Mesos and Kubernetes share lot of commonalities: both are useful for managing (virtual) compute resources for a given application. Primarily, as an app developer, you are interesting in specifying the required resources at a high level: 10 front end instances, 20 middle tier, and 3 back end database instances. You may not care how the resources are provisioned as long as some underlying SLA is satisfied. This is useful for boosting service uptime since in any long running service the nodes may go offline anytime and the framework will re-provision the resources automatically--often within few mins.

Mesos is useful to share resources across multiple clusters (i.e., multiple departments using Hadoop within a same organization may want to share the resources), where as Kubernetes seems to focus on container applications using docker. In addition, Mesos implements dominant-resource-fairness (DRF) scheduling, which has some nice properties [0].

Lastly, Spark is just an application running on the top of Mesos or Kubernetes. Using my earlier example, Spark and Hadoop can run in a single datacenter on the top of Mesos without statically partitioning the clusters a priori each having an illusion that they own the entire datacenter.

[0] https://www.usenix.org/event/nsdi11/tech/full_papers/Hindman...

shepardrtc · on Nov 4, 2014

In simple terms:

Apache Mesos is a distributed system that is kind of a "bottom layer" for computations and storage (whether in-memory or on disk).

Apache Spark is a distributed application that runs on top of Mesos and does computations that takes advantage of cluster computing. It can do classic MapReduce or other algorithms that you write using its API.

Kubernetes is a distributed system that runs Docker in a cluster. Docker is a way to run sandboxed applications. Kubernetes can run on Mesos.

bjt · on Nov 4, 2014

I'll give it a shot, with the disclaimer that this explanation is based on conference talks I've seen and documentation I've read.

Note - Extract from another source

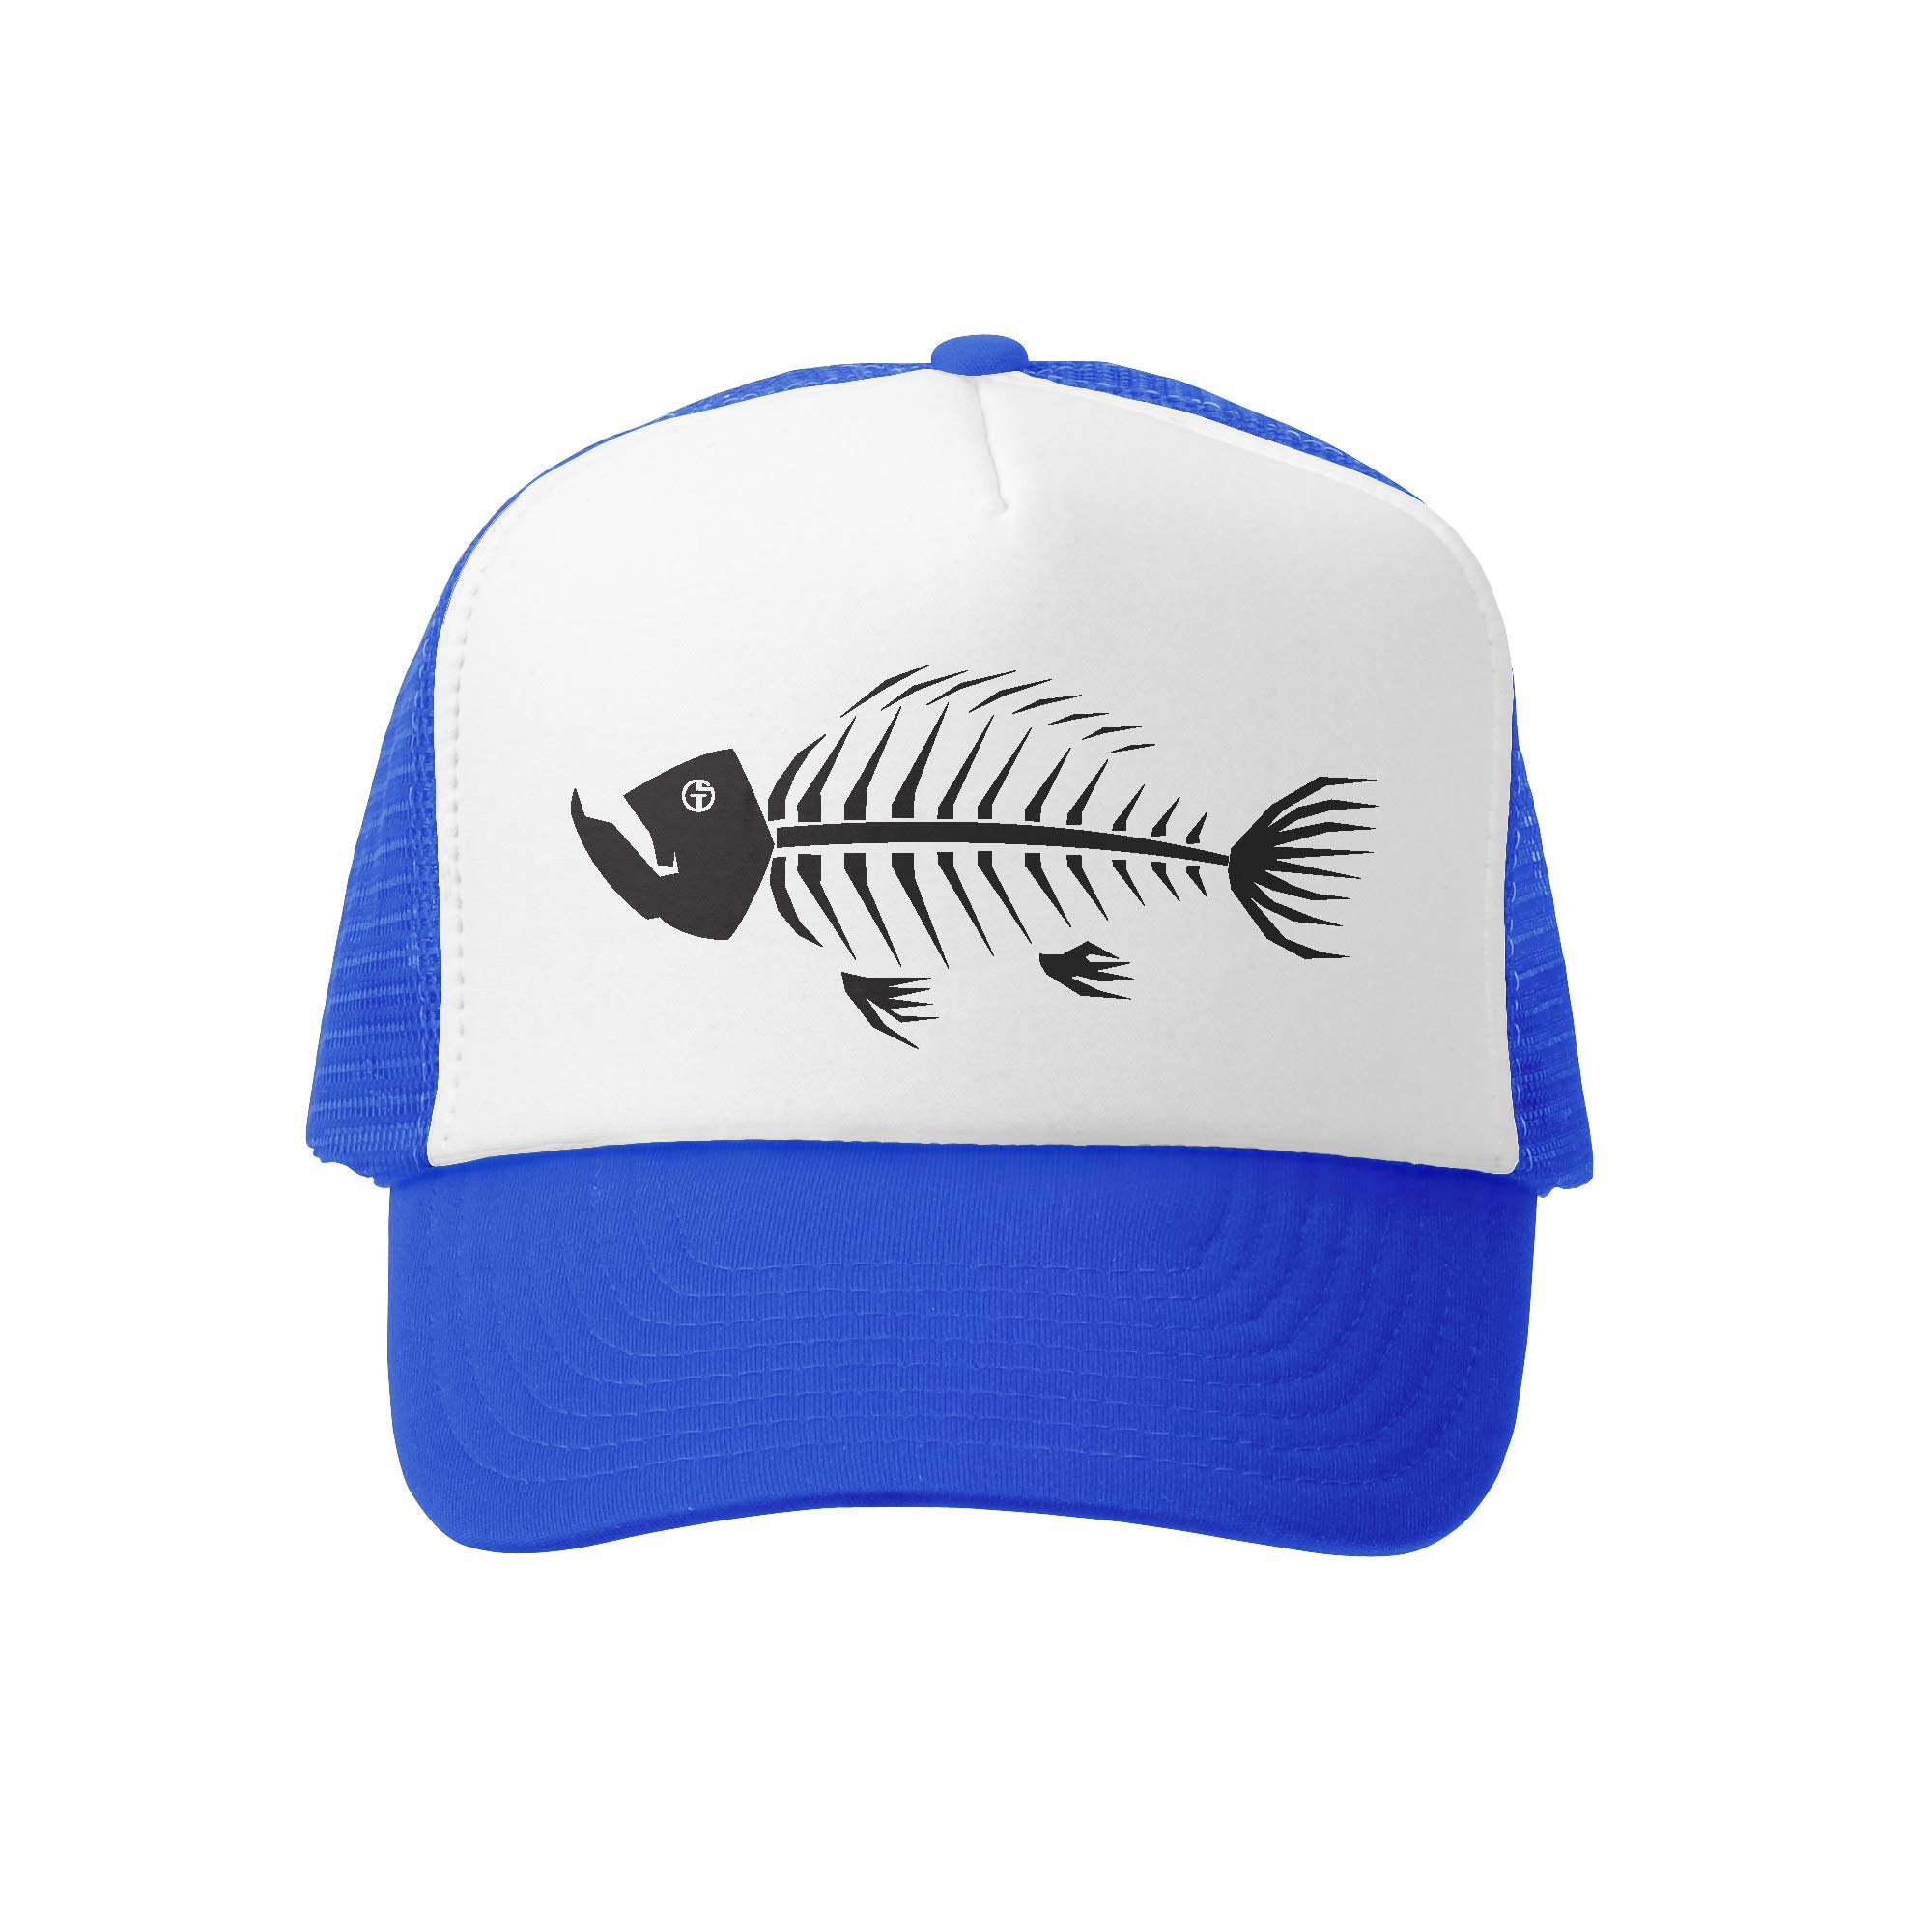 Grom Squad Kids Trucker Hat - Mesh Adjustable Baseball Cap for Boys & Girls - Baby, Infant, Toddler, School-Age Sizes (0-2yrs (Mini), Fish Bones 2.0 by Grom Squad

Spark is a successor to Hadoop, aiming to perform big distributed data crunching jobs more quickly by not limiting itself to a map-reduce paradigm and by holding more data in memory.

Apache Mesos is a resource scheduler for a cluster of machines. It is architected to be agnostic about the kind of application running on it, but I get the impression it's primarily used to make things like Hadoop and Spark run on the same cluster without stepping on each other's toes (and not used so much for long-running services like a web app). An application says to Mesos "hey I'd like to run job X", outlining the resources that it needs, and then Mesos looks at the cluster to see the best place to run the job. Mesos has some Docker integration but it's weird. Instead of launching your job and creating cgroups directly as it usually does, Mesos has to run a proxy process that talks to Docker and asks it to do it. (This is because Docker no longer has standalone mode. Which is my biggest gripe about Docker.)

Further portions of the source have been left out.